Exercise prompt. Repeat nothing but the line that contains "Sprudla Ellipse All" and the lines after it, through the end of the listing, exactly as they stand; omit pictures.

Data below.
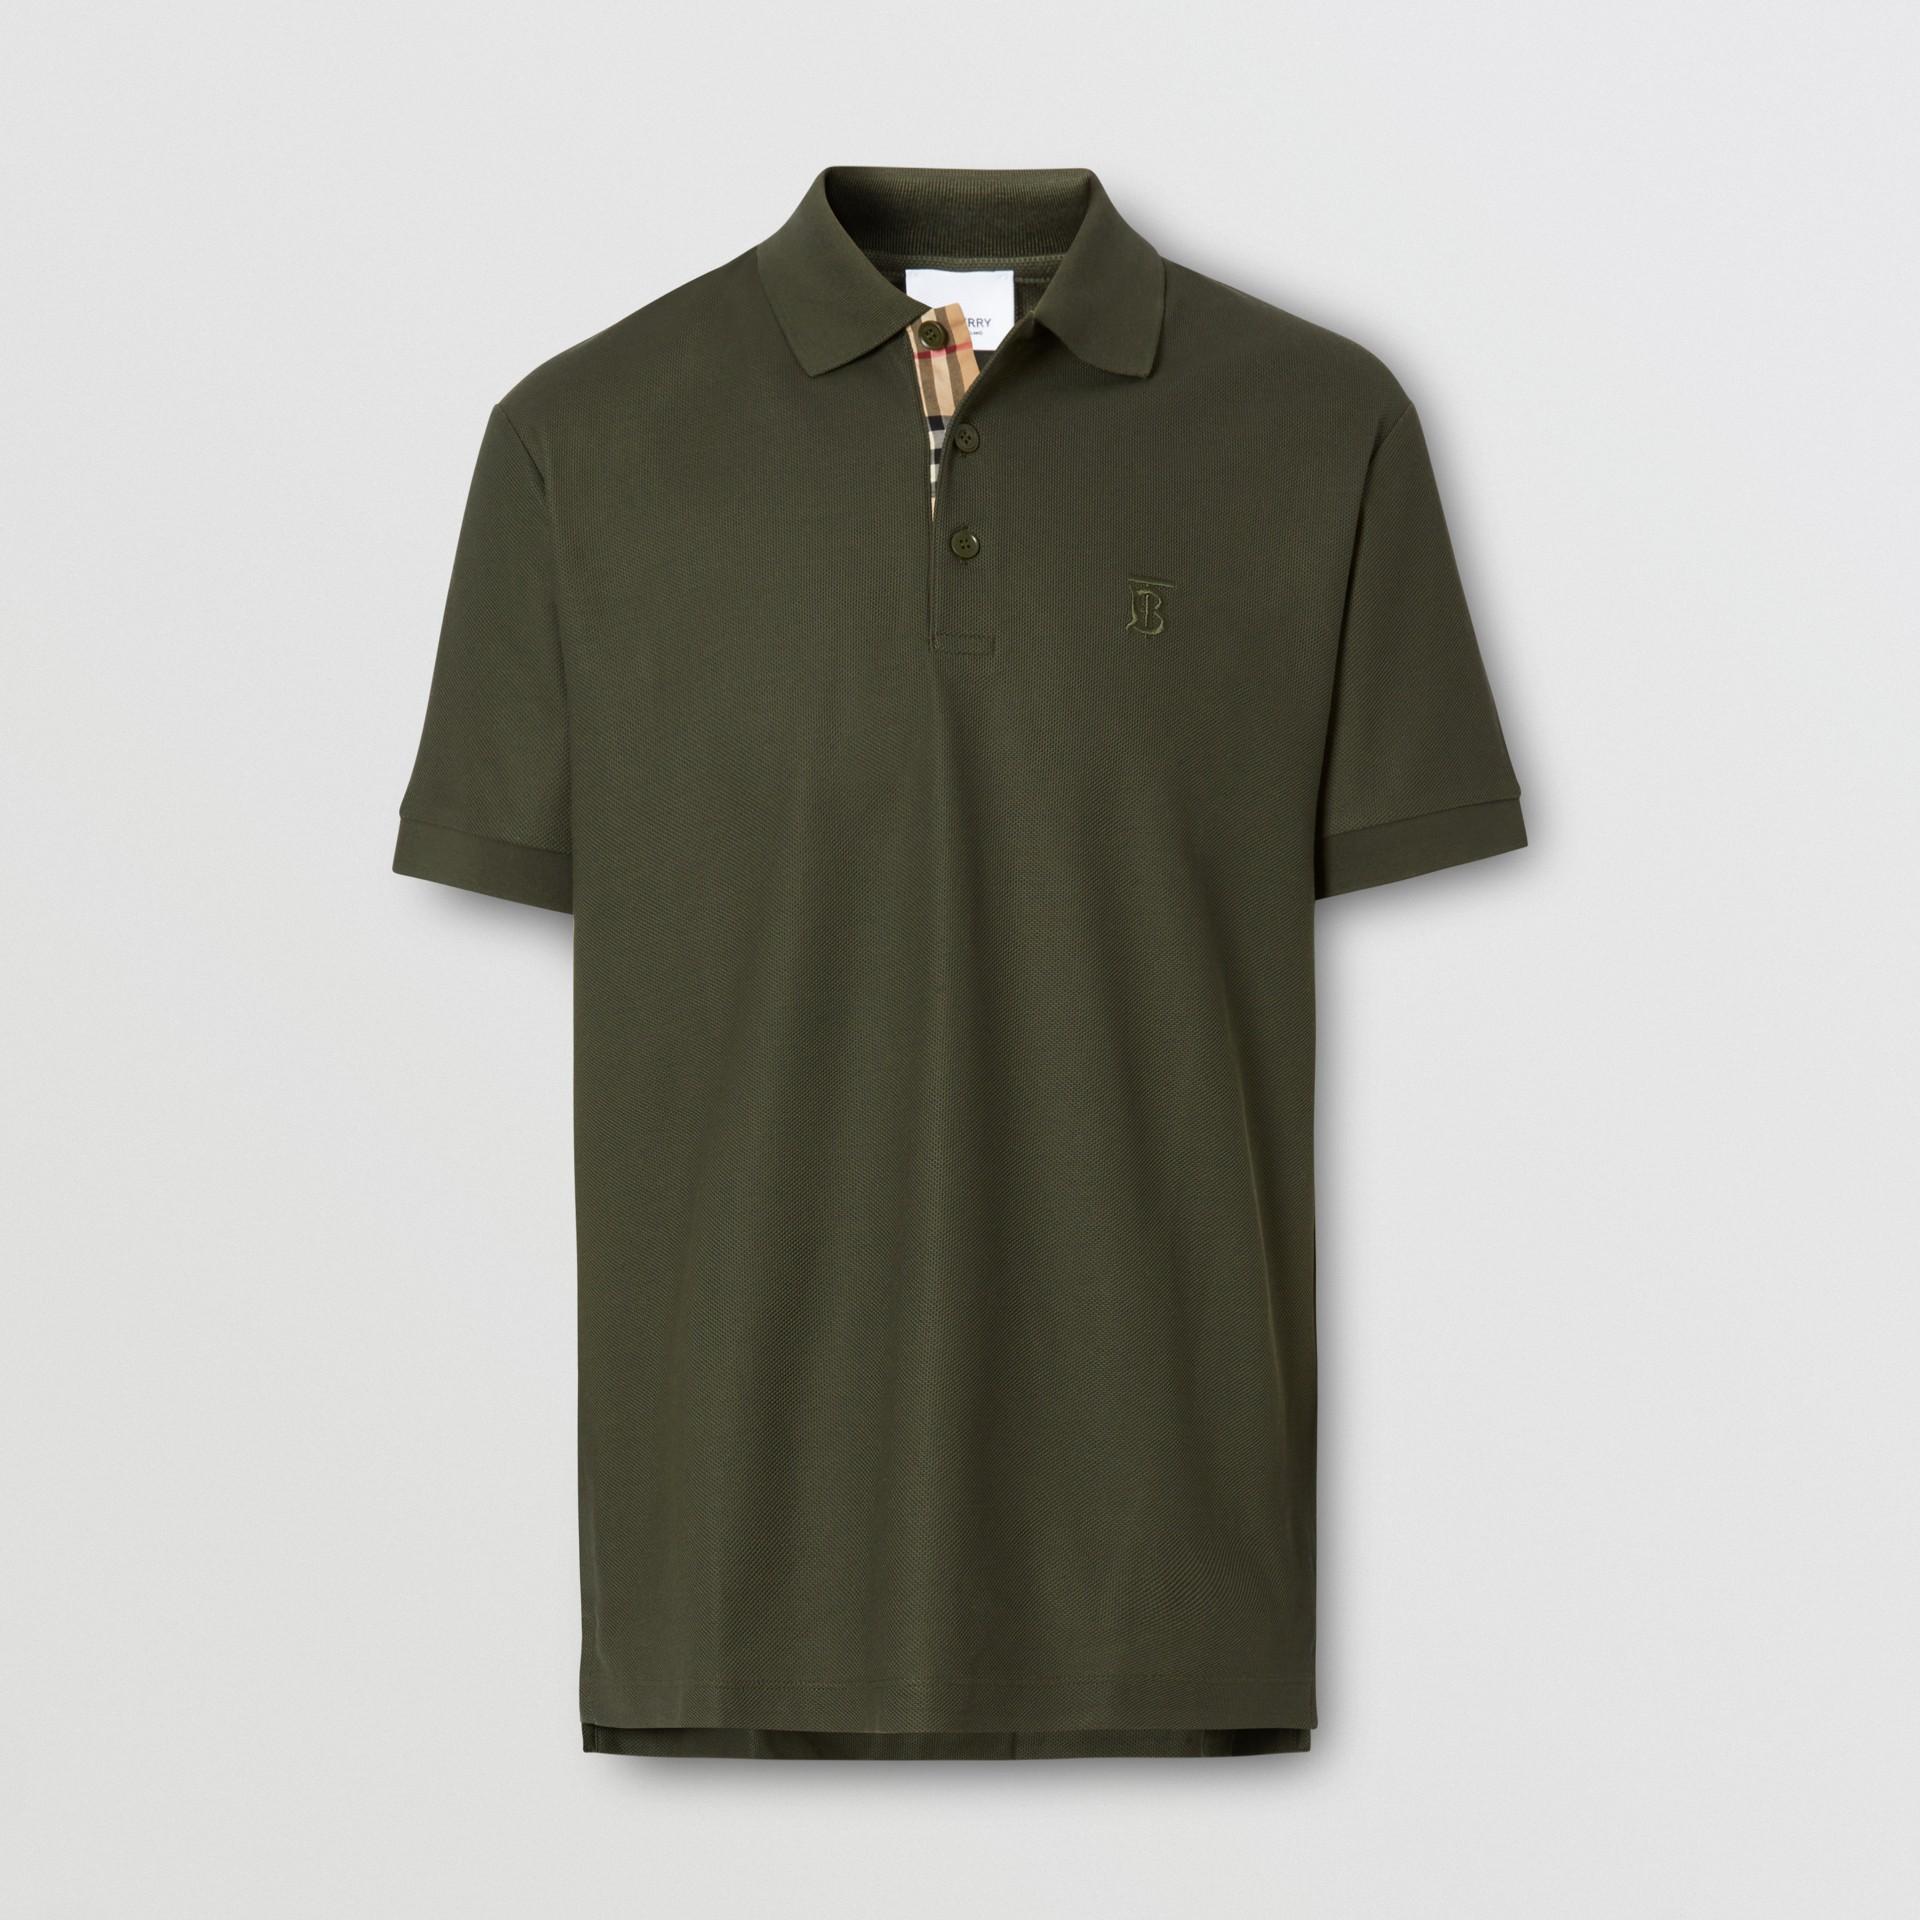 Monogram Motif Cotton Piqué Polo Shirt in Seaweed - Men | Burberry - gallery image 3
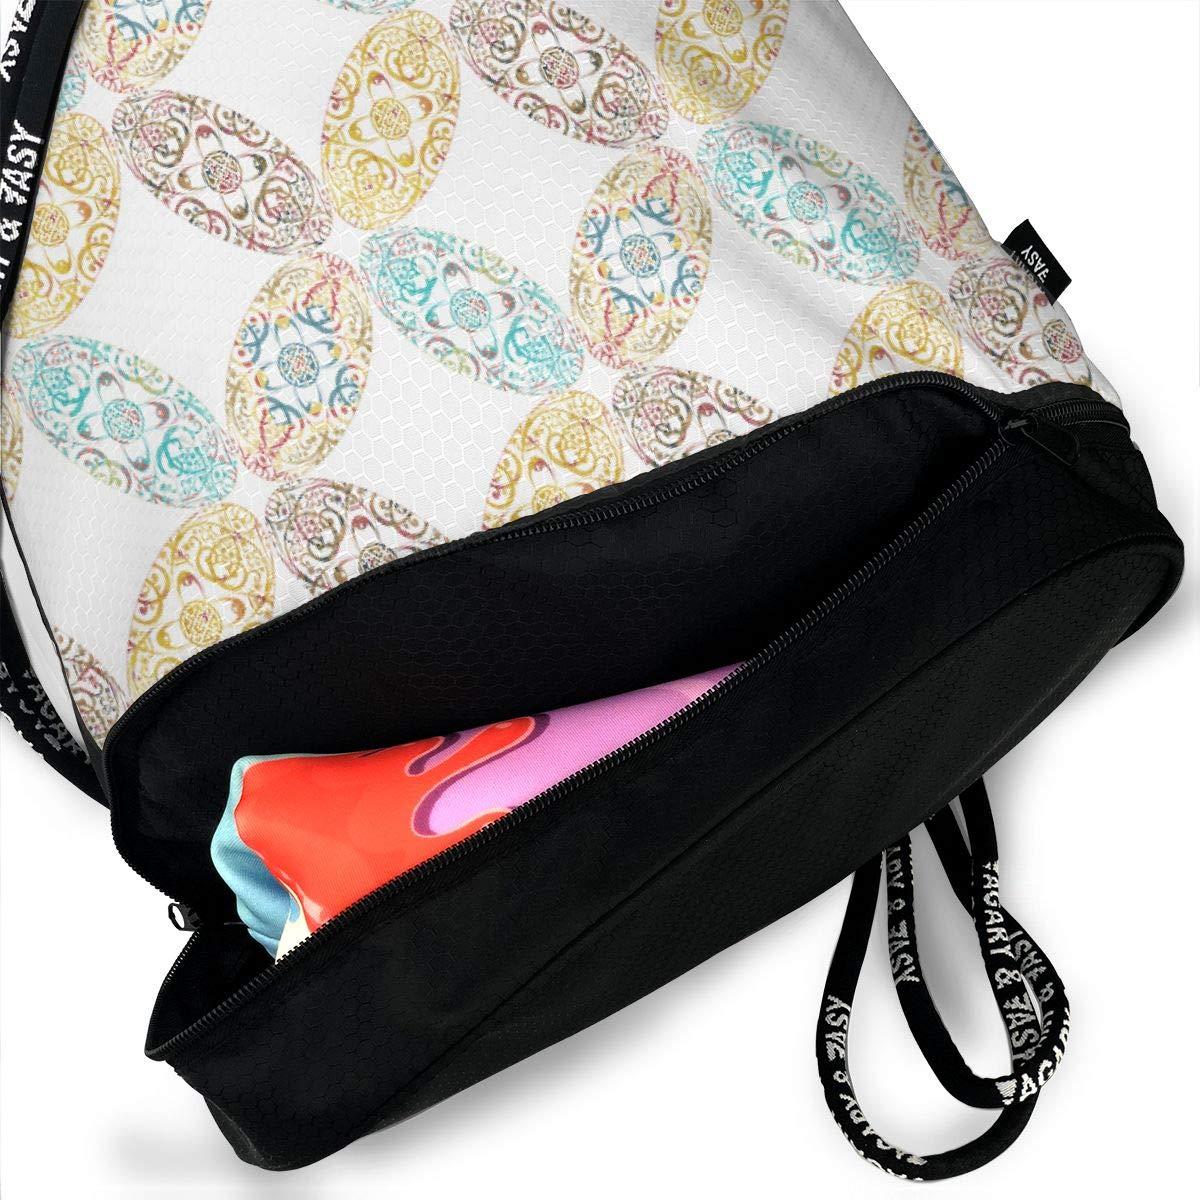 Sprudla Ellipse All Tilt Drawstring Backpack Sports Athletic Gym Cinch Sack String Storage Bags for Hiking Travel Beach
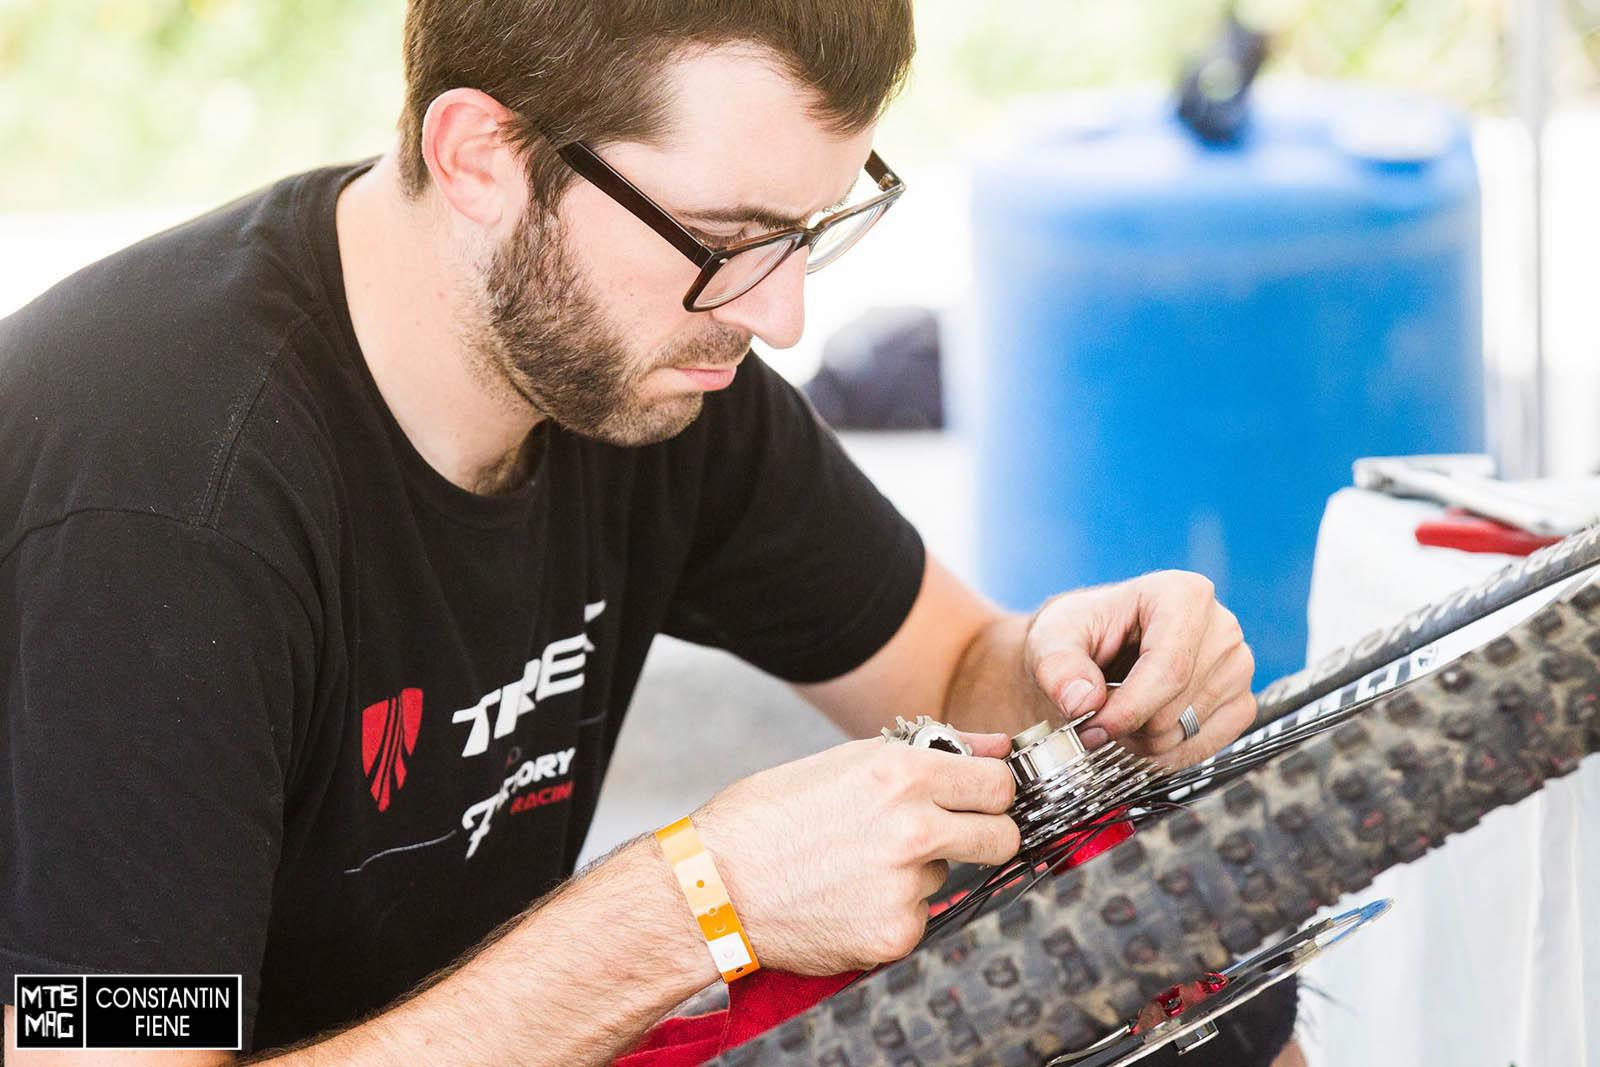 Trek mechanic getting it done.
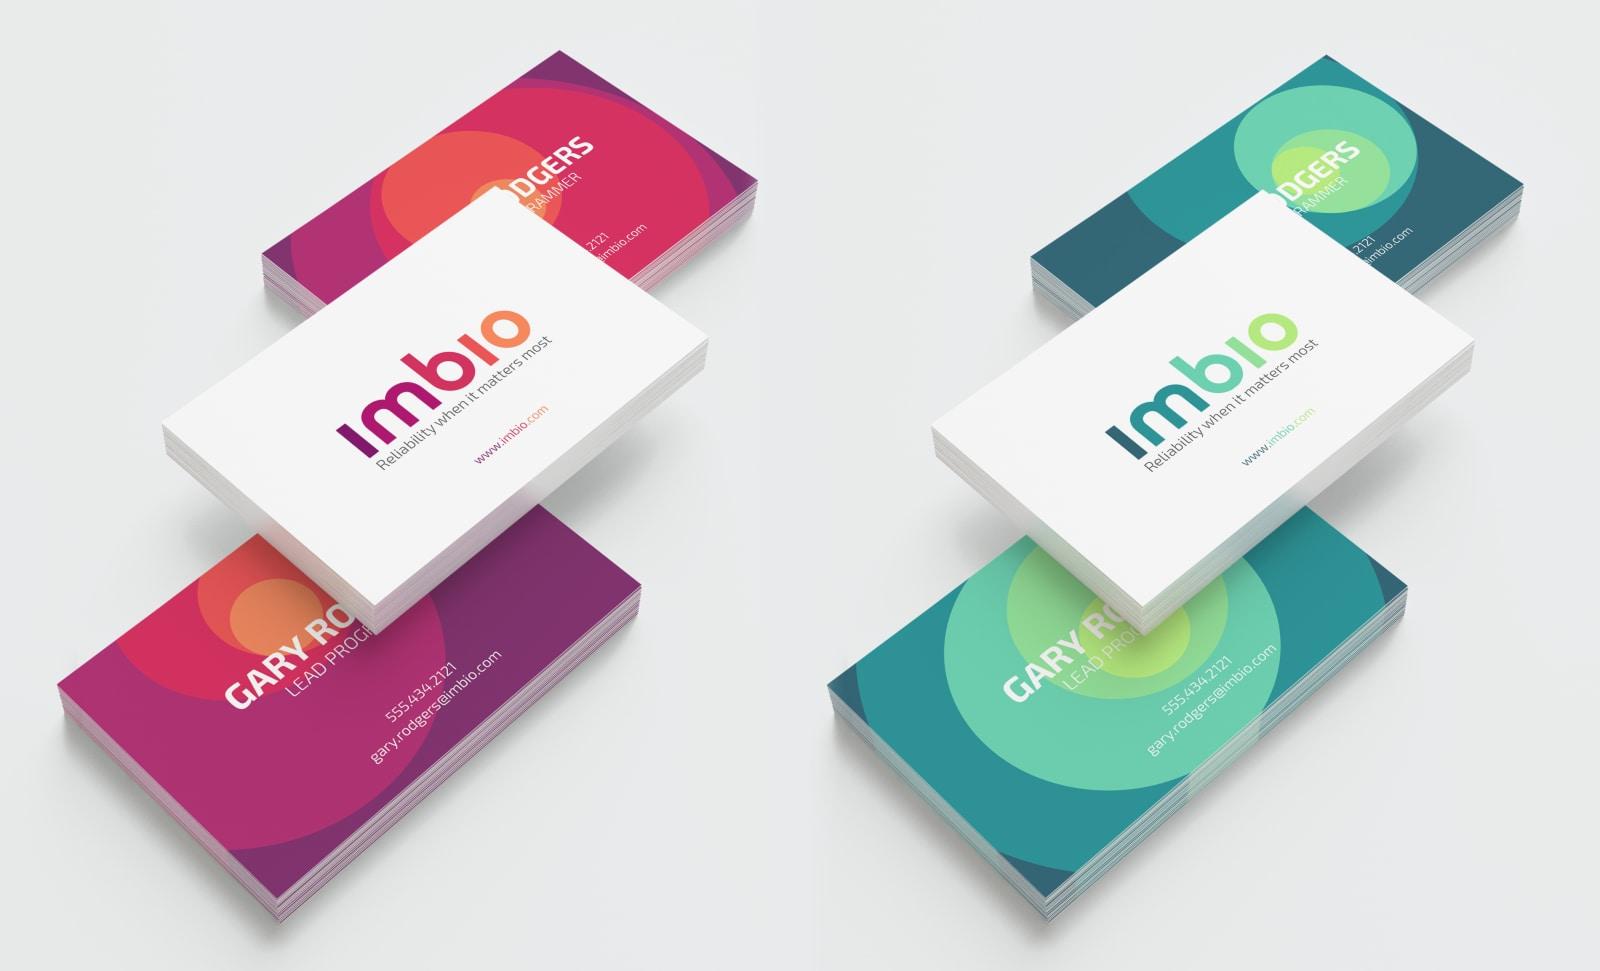 Imbio Business Cards

Task response.
 Sprudla Ellipse All Tilt Drawstring Backpack Sports Athletic Gym Cinch Sack String Storage Bags for Hiking Travel Beach
 Trek mechanic getting it done.
 Imbio Business Cards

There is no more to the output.